One of the best is readily available to everyone at practically no cost: tap water.

The City is teaming up with the Riverside County Department of Public Health and Eastern Municipal Water District on Sept. 11 to urge residents to “Rethink Your Drink.” The event takes place from 1 p.m. to 5 p.m. at the Food 4 Less grocery store at 1688 North Perris Blvd.
Perris Mayor Daryl Busch said residents should pay close attention to the sugar-based drinks they consume, which can cause obesity, diabetes and other health problems.

“Some people get hooked on these drinks and don’t even know it,” he said. “I encourage everyone to evaluate what you’re drinking and how it could be detrimental to your health and lifestyle.”

The “Rethink Your Drink” program marks the latest in the City’s “Live Well Perris” initiative, a comprehensive effort aimed at improving health through exercise and sensible eating. Other Live Well Perris events have included a community health fair, a “biggest loser” contest, twice-weekly workouts with City Council members, a walk with Mayor Busch, a basketball camp set for Sept. 21, the annual Tour De Perris bicycle ride on Oct. 5 and the Oct. 19 walk down historic D Street. On Saturday, Sept. 7, Mayor Pro-Tem Mark Yarbrough will lead a short bicycle ride at the Lake Perris State Recreation Area.

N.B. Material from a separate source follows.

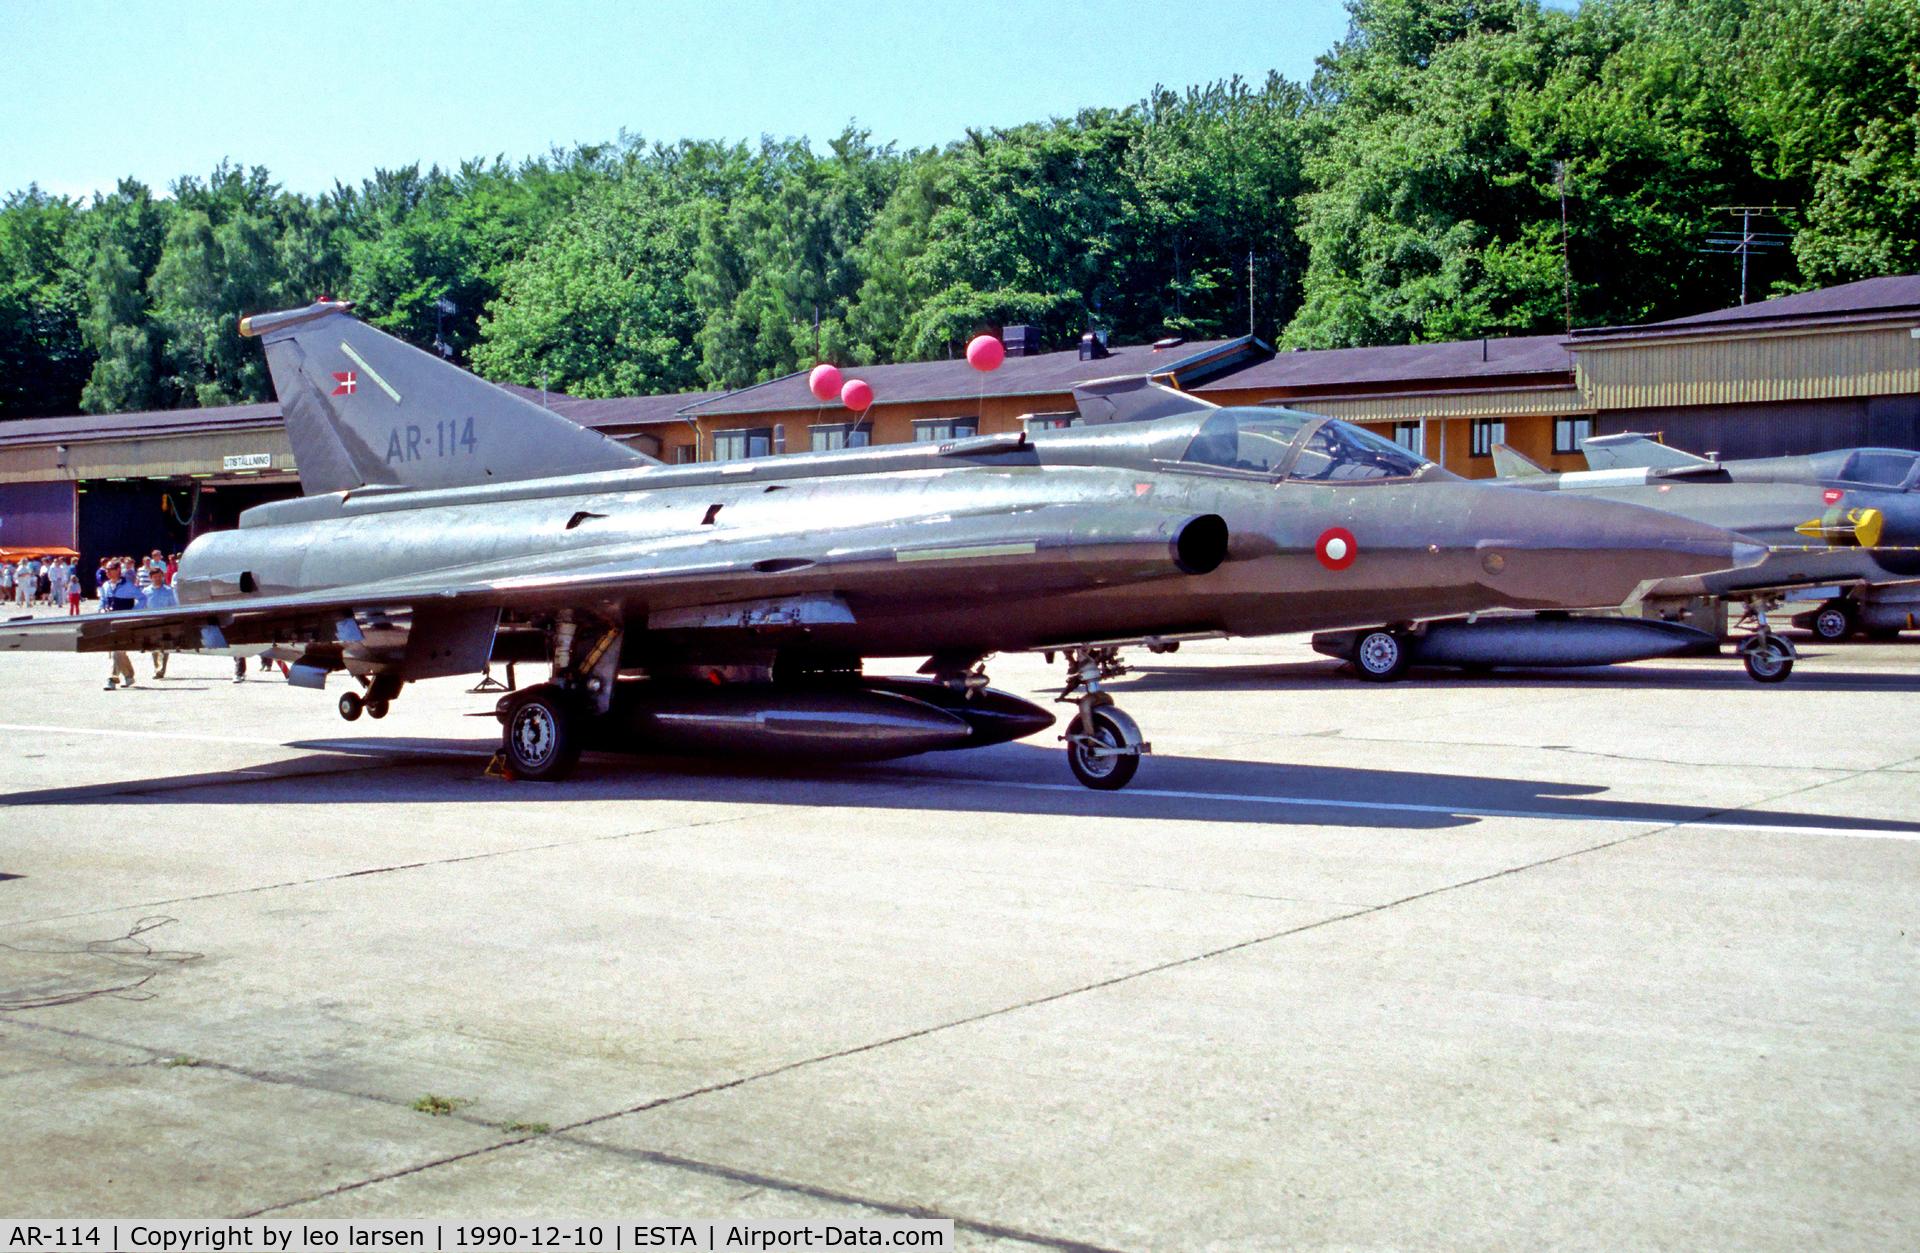 AR-114, Saab RF-35 Draken C/N 35-1114, Aengelholm Sweden 10.6.90

Andrea Morey, a health education assistant for the Riverside County Department of Public Health, said Perris officials have taken the lead throughout the region through the City’s “Live Well” program.

“The City of Perris has proven the most pro-active in reaching out to its residents and encouraging them to find ways to improve their health,” Morey said.

Morey said the Perris Think Your Drink program is part of a state-wide effort to wean people from high-calorie sodas, fruit drinks and energy drinks to water. She said that some people consume energy and sports drinks, forgetting their high-calorie count because of they also include vitamins. There are better ways to take in vitamins, like whole fruits and vegetables. And don’t forget the cost, she said.

“Why spend your hard-earned money on punch or soda when you can drink tap water for free?” she said.

Participants at the Perris Rethink Your Drink will receive collapsible water bottles and goodie bags containing nutritional information and healthy recipes. A “smoothie bike” will also be on hand. That’s a stationary bike attached to a blender that allows people to pedal off some calories while mixing their own healthy drink.

Other agencies taking part in the City’s upcoming Rethink Your Drink program include the Network for a Healthy California, CalFresh/Find Food Bank, Molina Healthcare and the Riverside Community Diabetes Collaborative.